Boosting are of two types:

Gradient Boosting- Boosting applied on regression problems
Adaptive Boosting - Boosting applied on classification problems

Gradient Boosting

Gradient Boosting is boosting applied on regression problems. Here a sequence of regressors is trained such that it is able to predict better on the examples it earlier predicted incorrectly. Hence say Y’ is your set of predictions and Y is the actual dataset. Then Y’ is updated as Y’[i] = Y’[i] + 𝜶* f[i]
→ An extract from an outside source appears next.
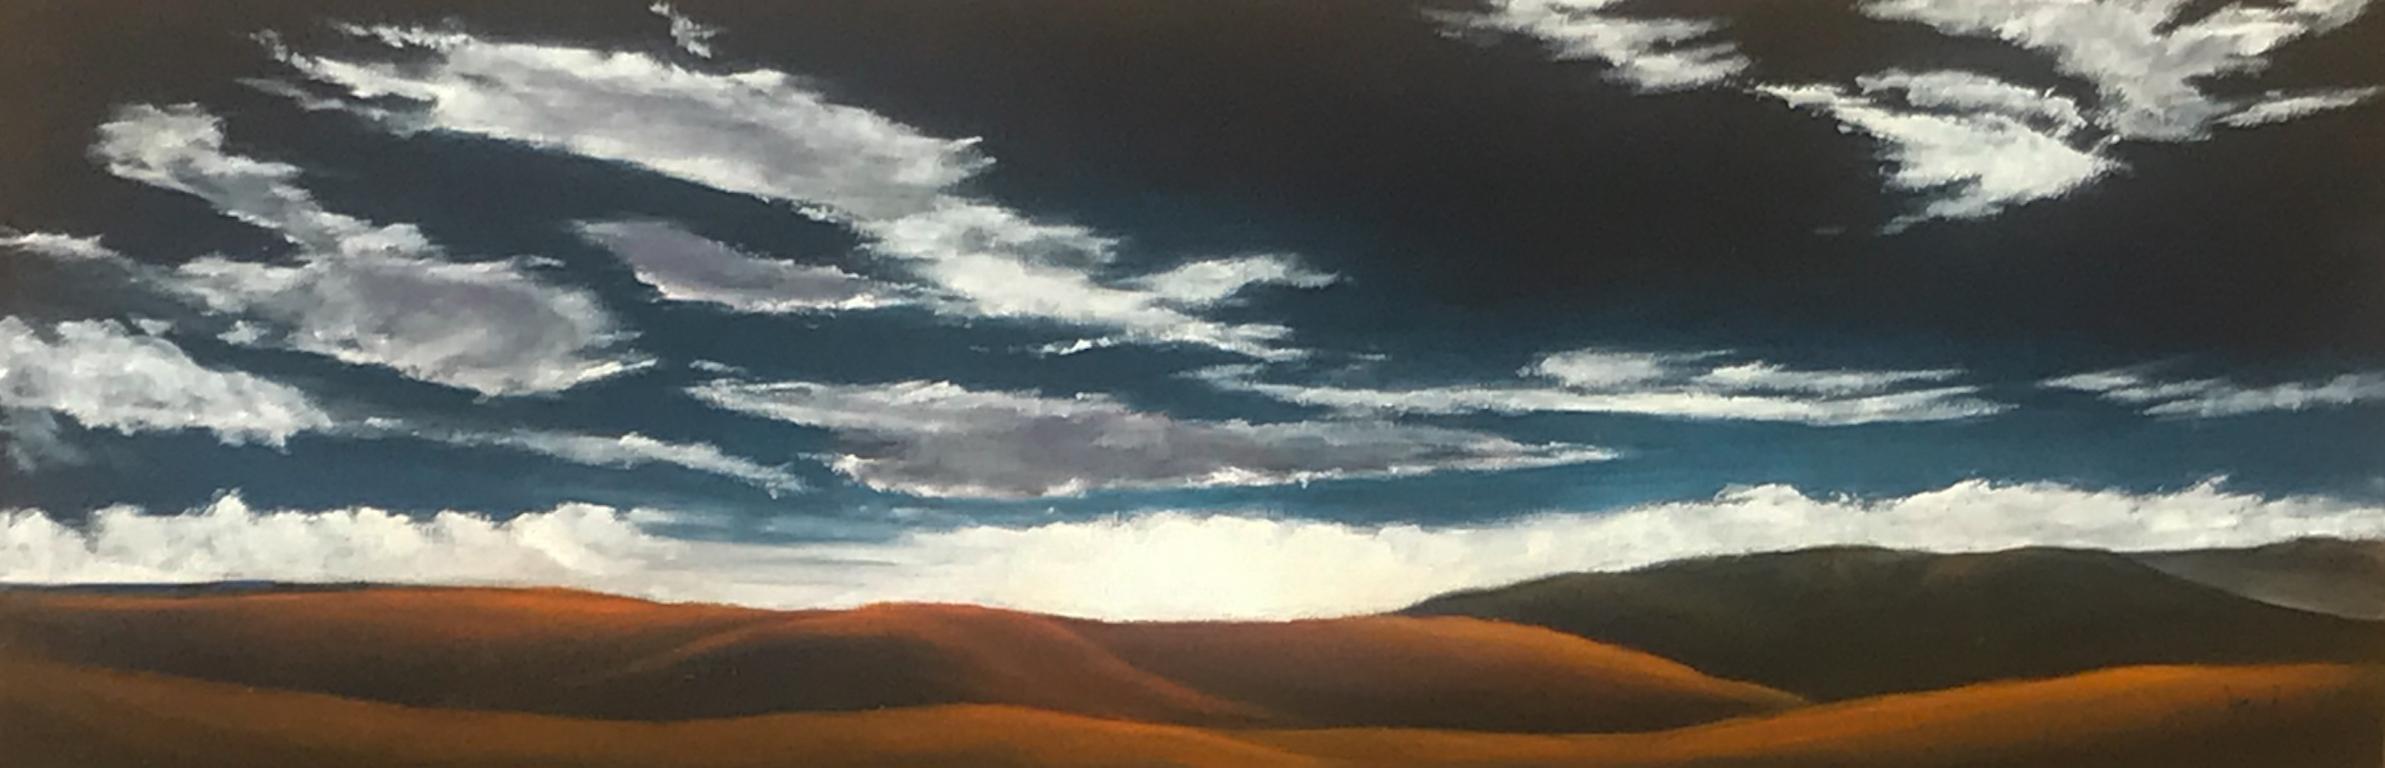 Golden Hills XXIV, Oil Painting - Art by Mandy Main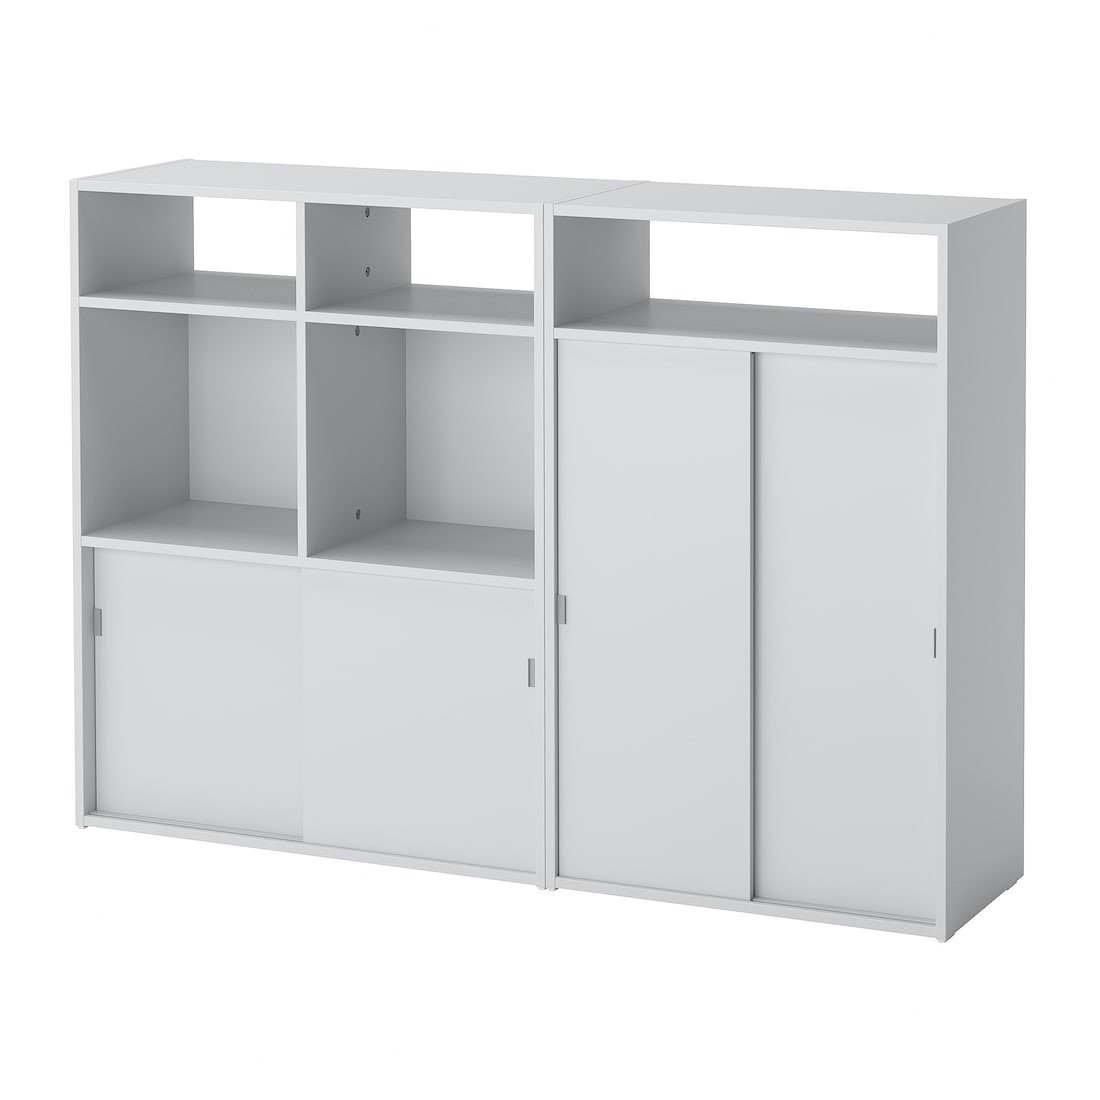 SPIKSMED Комбинация шкафов, светло-серый, 137x32x96 см

Where f[i] is the derivative of the cost function. The cost function is usually taken to be the mean squared error which is ∑(Y[i] - Y’[i])2 . Thus f[i] is taken as (Y[i] - Y’[i]). 𝜶 represents the step size of the step we take to reduce the errors.

Output of a Gradient Boosting Regressor implemented in python

Adaptive Boosting

Adaptive Boosting is a boosting technique used in classification problems. As earlier we first train a classifier and then for the next model we try to reduce the errors made by the earlier classifier. This is done by increasing the weights of the points it classified incorrectly. Hence we minimize the weighted error, in this case, the initial weights are all equal and as we run the boosting the weights are increased or decreased according to whether they are classified incorrectly or correctly.

Note that after each classification the wrong entries’ weights have been increased and the model is learned to reduce the error on the weighted error.

Thus J(Θ) = ∑wiJi (Θ, xi ) where, Ji(Θ, xi) = max[0, 1-y(i)Θx(i)]

The weights are given by this formula:

err = wts*(Y-Y’) // error function 𝜶(i) = 0.5log((1-err)/err) wts = wts* e^(- 𝜶(i)*Y*Y’) // here e is the exponent value wts = wts/sum(wts)

The initial weights are initialised by 1/n where n is the number of points.

This is a python based implementation of Adaptive Boosting, Discrete Adaptive Boosting treats each weak classifier as equally strong while Real Adaptive boosting assigns a probability to each classifier.